これはUさんという人から聞いた話で、学生の頃の噂話らしい。
その中学校には昔から妙な噂があった。
放送室の奥、機材ラックの裏に、古い姿見の鏡が打ちつけられているというものだった。
誰が何のためにそこへ鏡を設置したのか分からない。
管理記録にも残っておらず、長く教師を務めている用務員ですら、「そんなもん、あったか?」と首をかしげる始末だった。
けれど毎年必ず、夏休み前後になると放送室の扉の内側に貼られたマグネット板には、白い粉でくっきりと手形がついていることがあった。
それも一つや二つではない。
大人と子どもの手が混ざったような、大小様々な手形が、びっしりと鏡の表面に現れていた。
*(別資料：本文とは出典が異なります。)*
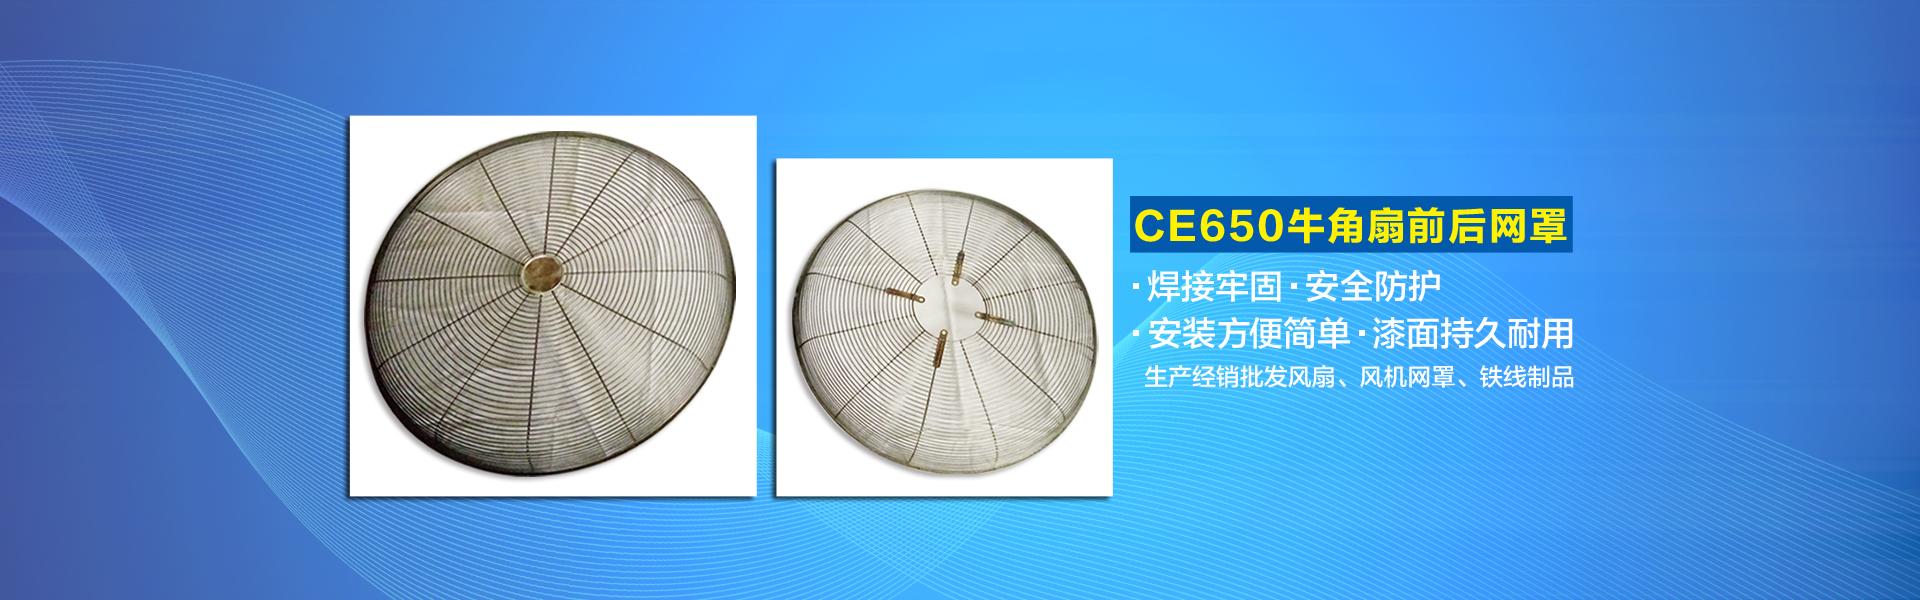 德慶偉業五金制造有限公司主要產品有落地霧化前網、霧化風扇網罩、強力風扇網罩、排氣扇前網罩!

ある年、放送委員の2年生だったKさんが、こんなことを言い出した。
「放送室の中で、夜中に本番みたいにアナウンスの練習したら、うまくなると思うんだよね。
深夜のテンションで喋る感じって、なんか怖くてかっこいいし」
放送委員の顧問は当然、そんな時間の練習を許すはずがなかった。
でもKさんは裏口の鍵の隠し場所を知っていて、ある晩、ひとりで校舎に入り込んだ。
その翌朝。
放送室の鍵は閉まっていたが、誰もKさんの姿を見ていない。
呼び出しても出てこない。家にも帰っていなかった。
警察も来て大騒ぎになったが、放送室からは何も出てこなかった。
ただ、鏡にはまるで内側から押しつけたような、真新しい手形がいくつも残されていた。
そして、鏡を覗き込んだ先生がふとつぶやいた。
「これ、Kじゃないか?」
鏡の中に、制服姿の男子生徒が写っていたのだ。
それも鏡の向こう側、反射ではない奥の空間に、まるで誰かがそのまま立っているように。
目だけがこっちをじっと見つめていた。
それ以来、誰もが怖がり、放送室の奥には近づかなくなった。
けれど数年おきに、また別の放送委員が「夜中に練習しようかな」と言い出すことがある。
まるで呼ばれているかのように。
それは決まって、梅雨明けのじめっとした時期におこるそうだ。